Expectations are a funny and dangerous thing in sports. So easily did the Bulls’ championship a year ago seem, in memory, to have been achieved that after the Bulls amassed the best regular-season record in the National Basketball Association everyone expected their run to a second championship to be equally easy. Then the New York Knicks came along in the second round of this year’s playoffs.

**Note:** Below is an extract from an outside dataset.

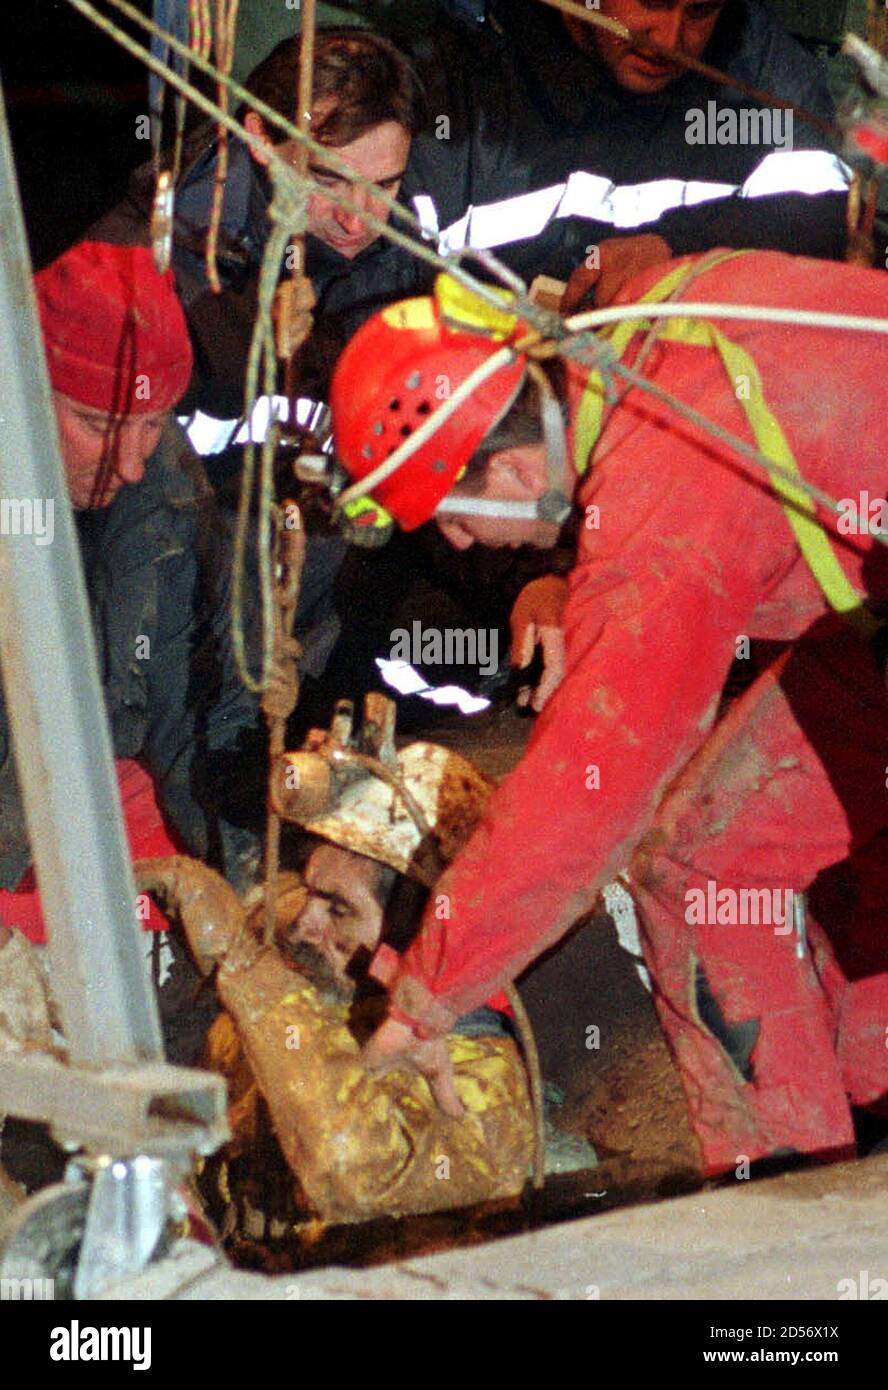 Yvon Cazal uno de los siete cavadores bloqueados por el agua cerca de Gramat en el suroeste de Francia, es izado a la seguridad a través de un taladro artificial por los rescatadores a finales de noviembre de 21. Los espeleólogos fueron rescatados después de 10 días atrapados en una caverna subterránea. JD/ Foto de stock

The Knicks, it turns out, are a strong team, a point that needed no emphasis after they split the first four games of their best-of-seven series with the Bulls. But for a late-season collapse, including a final loss to the lowly Atlanta Hawks, the Knicks would have won the Atlantic Division. Instead, they were caught by the Boston Celtics and forced into a first-round meeting with the Detroit Pistons. In hindsight, there was no better opening opponent. Like the Pistons, the Knicks play a physical, defense-oriented brand of basketball, and they learned everything they could from the Pistons in defeating them in the best-of-five series. The Knicks emerged a complete team. Not only are they better than the Pistons this year, they are probably better than the Pistons of last year. The Bulls’ losses in the first and fourth games aroused doubts that were painfully familiar–though almost forgotten. The same feeling followed the first game of last year’s NBA finals, when the Los Angeles Lakers beat the Bulls. The Bulls needed to find a way to win after that, and they need to find a way to win now. The moment simply came earlier and at a more appropriate time this season.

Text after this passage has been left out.